The new regulatory framework defines that Startups are newly incorporated or recently operating companies the core business of which is devoted to the employment of innovative methods in business models, products or services offered to the public or to other companies.
In addition, the bill sets out other conditions for a company to be deemed a startup. They are:
- to have annual gross revenue of up to R$16 million in the previous calendar year or R$1.3 million times the number of months of activity in the previous calendar year, whenever it operates for less than one year;
- to be enrolled with the National Corporate Taxpayer Register (CNPJ) for up to six years;
- they must meet at least one of the following requirements: declaration, in their articles of association or By-Laws or amendments thereto, that they use innovative business models; or that they fall under the Simplified Special Regime for Brazilian Startups (Inova Simples).
Another aspect discussed in the bill relates to the attraction of investment by Startups. According to the proposed rules, startups may accept contributions to capital both from legal entities and individuals, which contributions to capital shall not become part of the company’s share capital or capital stock. These angel investors will not become shareholders of the company and shall neither have the right to interfere in its management nor the voting right in its board of directors.
However, they may participate in the resolutions strictly for advisory purposes, as stipulated in the agreement. On the other hand, the investors that act in this modality will also not be liable for any debt of the startup, including in the event of court-supervised reorganization.
The bill also contemplates the possibility of adjustment of the startups to the Regulatory Sandbox that allows certain companies, especially those that operate in the financial industry, to test, under certain conditions, projects that bring financial innovations and innovative means of payment to their clients.
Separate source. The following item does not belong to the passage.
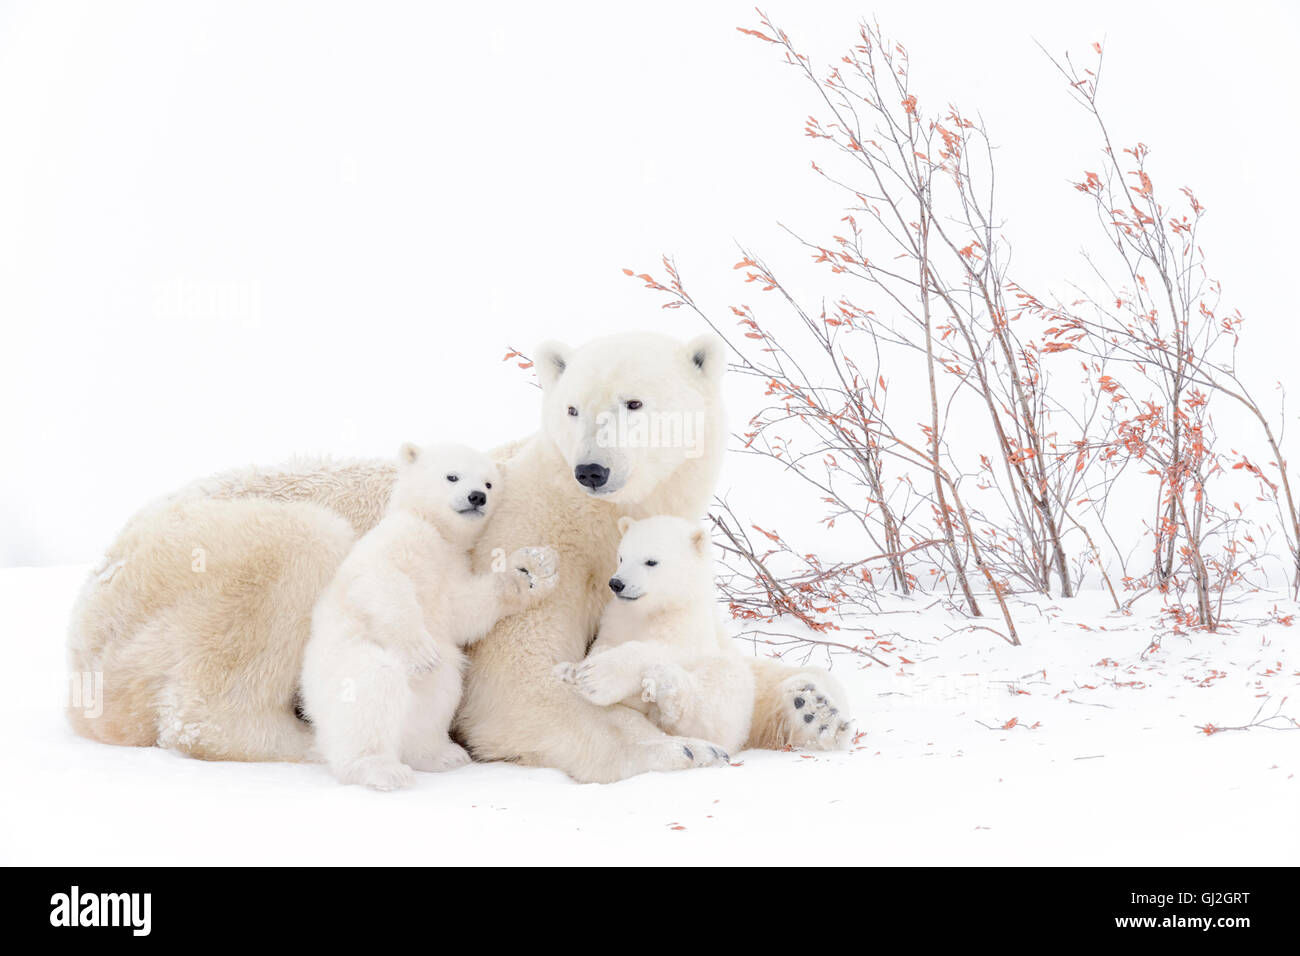 El oso polar (Ursus maritimus) madre acostado con dos cachorros jugando, Parque Nacional Wapusk, Manitoba, Canadá Foto de stock

The bill sets out that the rules relating to the Regulatory Sandbox will be subsequently defined by the regulatory authorities – in this respect, we have the already enacted Central Bank (BC) Resolution No. 29 and National Monetary Council (CMN) Resolution No. 4.865, both dated October 26, 2020.
These rules respond to a growing demand from FinTechs, which are entering the Brazilian market.
Finally, we note that in addition to the Startups, the final provisions of the bill contemplate a measure aimed at simplifying the process of incorporation of joint-stock companies, not only for startups, but also for all joint-stock companies with annual revenue below R$78 million.
With the new framework, these companies will be able, without limitation, to publish call notices and disclose balance sheets and other documents in digital means. Thus, they will no longer be required to provide these publications in printed newspapers of broad circulation, as currently made by publicly-held companies – and required by law.
Now, the bill will be analyzed first in the Chamber of Deputies and subsequently in the Senate. In the end, in case it is approved by the legislative branch, it will represent yet another of many other advances of this government to unblock the intricate Brazilian business environment.
This article is based on publicly available information and given for informational purposes only. It is not intended as legal advice or as a comprehensive analysis of the matters referred to herein.